Reputation: 2773
I need to read a csv file in R. But the file contains some text information in some rows instead of comma values. So i cannot read that file using read.csv(fileName) method. The content of the file is as follows:
name:russel date:21-2-1991
abc,2,saa
anan,3,ds
ama,ds,az
,,
name:rus date:23-3-1998
snans,32,asa
asa,2,saz
I need to store only values of each name,date pair as data frame. To do that how can i read that file?
Actually my required output is
>dataFrame1
abc,2,saa
anan,3,ds
ama,ds,az
>dataFrame2
snans,32,asa
asa,2,saz
Upvotes: 1
Views: 387
Reputation: 60924
I would read the entire file first as a list of characters, i.e. a string for each line in the file, this can be done using readLines
. Next you have to find the places where the data for a new date starts, i.e. look for ,,
, see grep
for that. Then take the first entry of each data block, e.g. using str_extract
from the stringr
package. Finally, you need split all the remaing data strings, see strsplit
for that.
Upvotes: 4
Reputation: 81683
You can read the data with scan
and use grep
and sub
functions to extract the important values.
The text:
text <- "name:russel date:21-2-1991
abc,2,saa
anan,3,ds
ama,ds,az
,,
name:rus date:23-3-1998
snans,32,asa
asa,2,saz"
These commands generate a data frame with name and date values.
# read the text
lines <- scan(text = text, what = character())
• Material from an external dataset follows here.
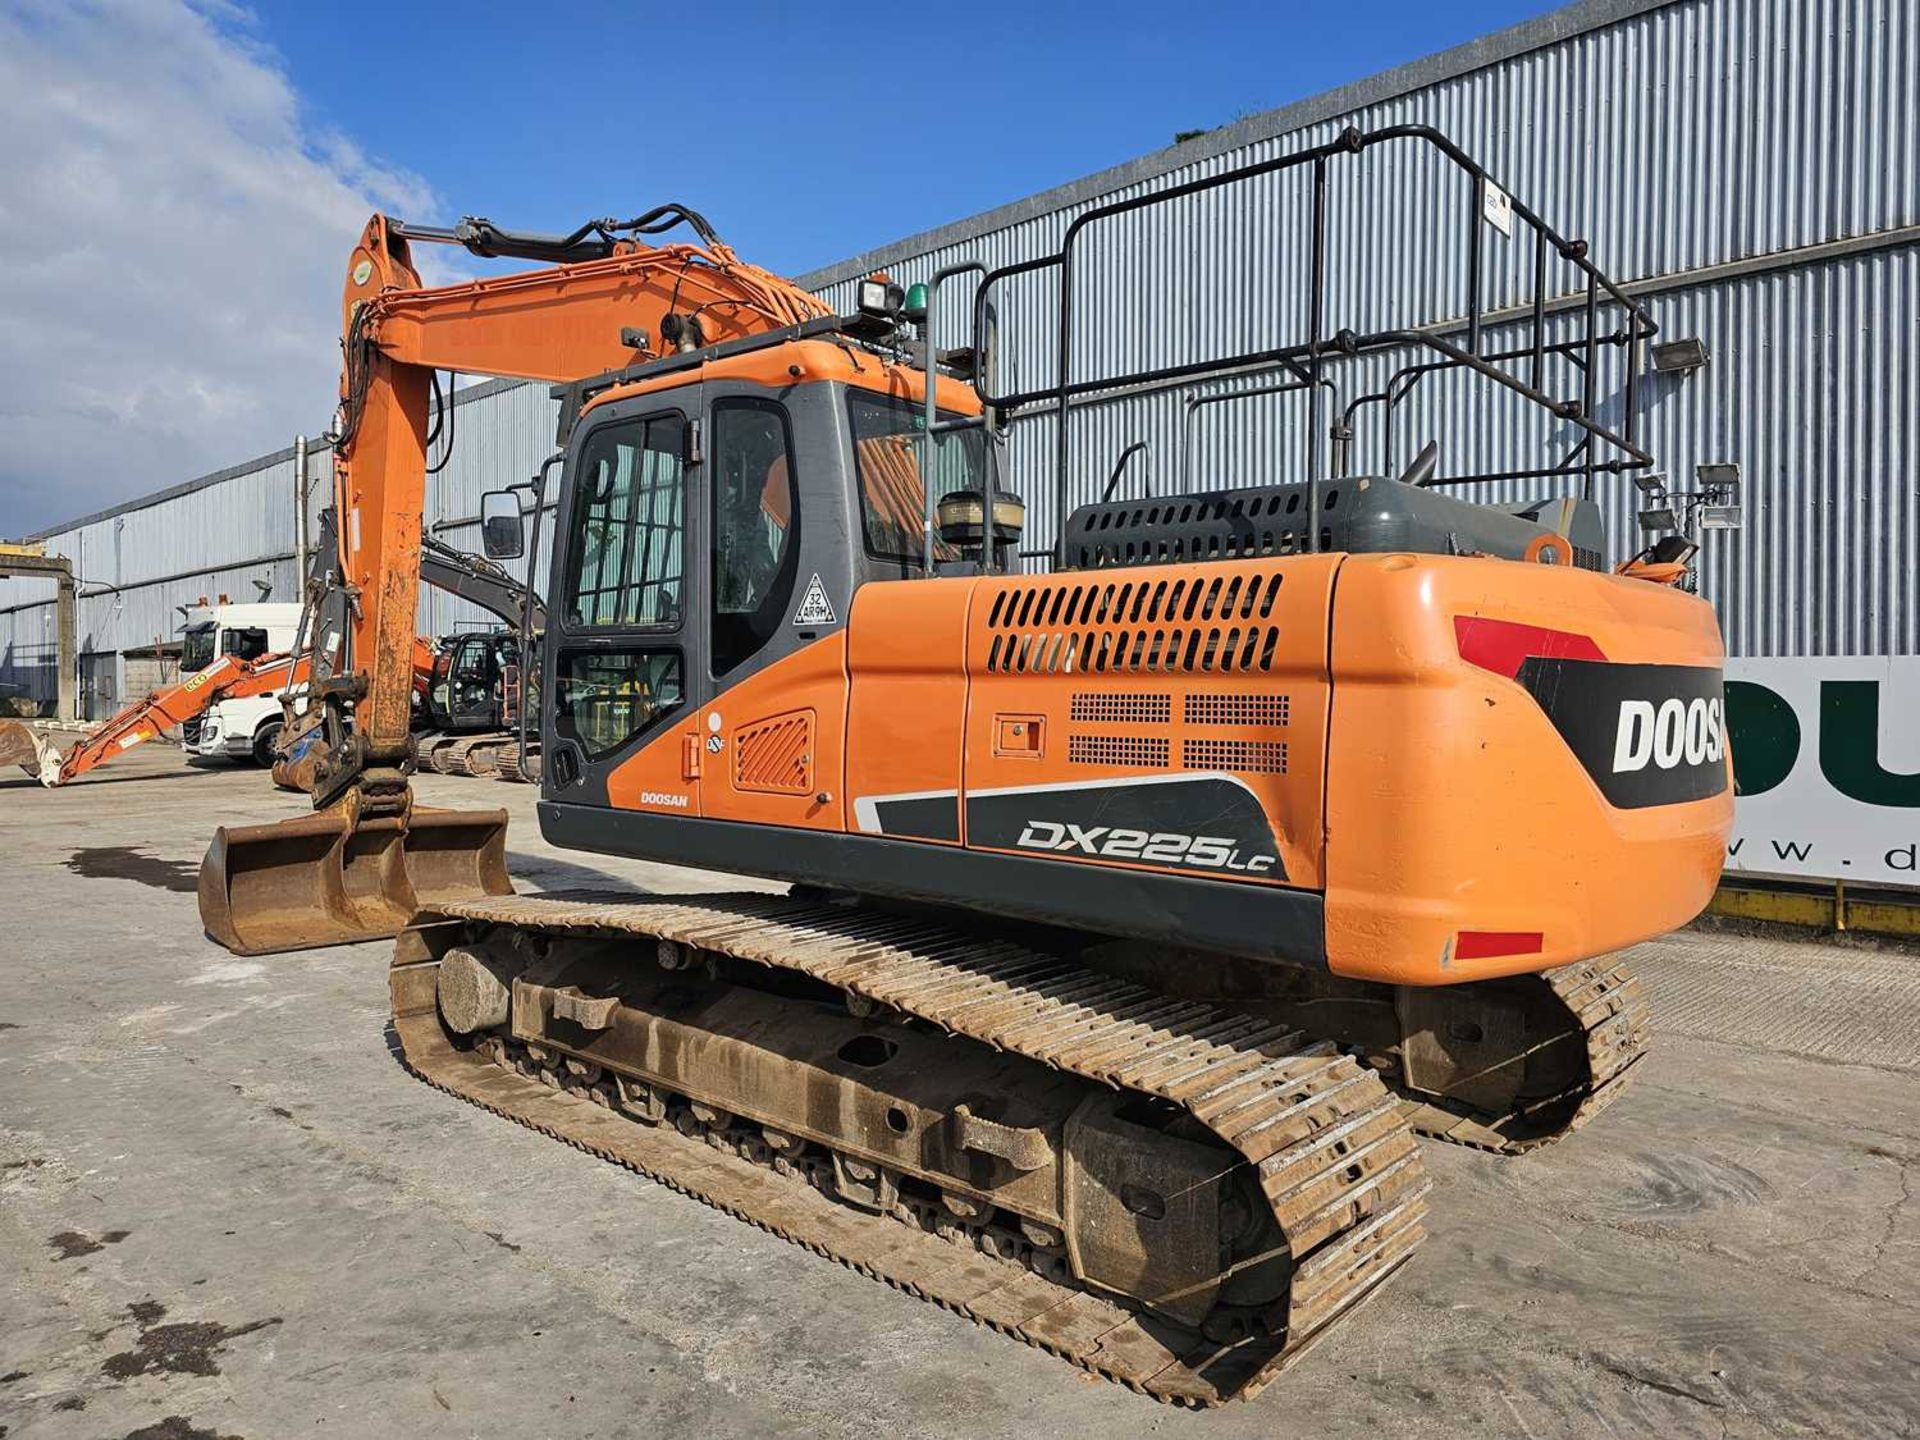 2018 Doosan DX225LC-5 800mm Pads, CV, Geith Hydraulic QH, Piped, Aux. Piping, Demo Cage, Reverse Cam - Image 3 of 34

# find strings staring with 'name' or 'date'
nameDate <- grep("^name|^date", lines, value = TRUE)
# extract the values
values <- sub("^name:|^date:", "", nameDate)
# create a data frame
dat <- as.data.frame(matrix(values, ncol = 2, byrow = TRUE,
dimnames = list(NULL, c("name", "date"))))
The result:
> dat
name date
1 russel 21-2-1991
2 rus 23-3-1998
Update
To extract the values from the strings, which do not contain name and date information, the following commands can be used:
# read data
lines <- readLines(textConnection(text))
# split lines
splitted <- strsplit(lines, ",")
# find positions of 'name' lines
idx <- grep("^name", lines)[-1]
# create grouping variable
grp <- cut(seq_along(lines), c(0, idx, length(lines)))
# extract values
values <- tapply(splitted, grp, FUN = function(x)
lapply(x, function(y)
if (length(y) == 3) y))
create a list of data frames
dat <- lapply(values, function(x) as.data.frame(matrix(unlist(x),
ncol = 3, byrow = TRUE)))
The result:
> dat
$`(0,7]`
V1 V2 V3
1 abc 2 saa
2 anan 3 ds
3 ama ds az
$`(7,9]`
V1 V2 V3
1 snans 32 asa
2 asa 2 saz
Upvotes: 8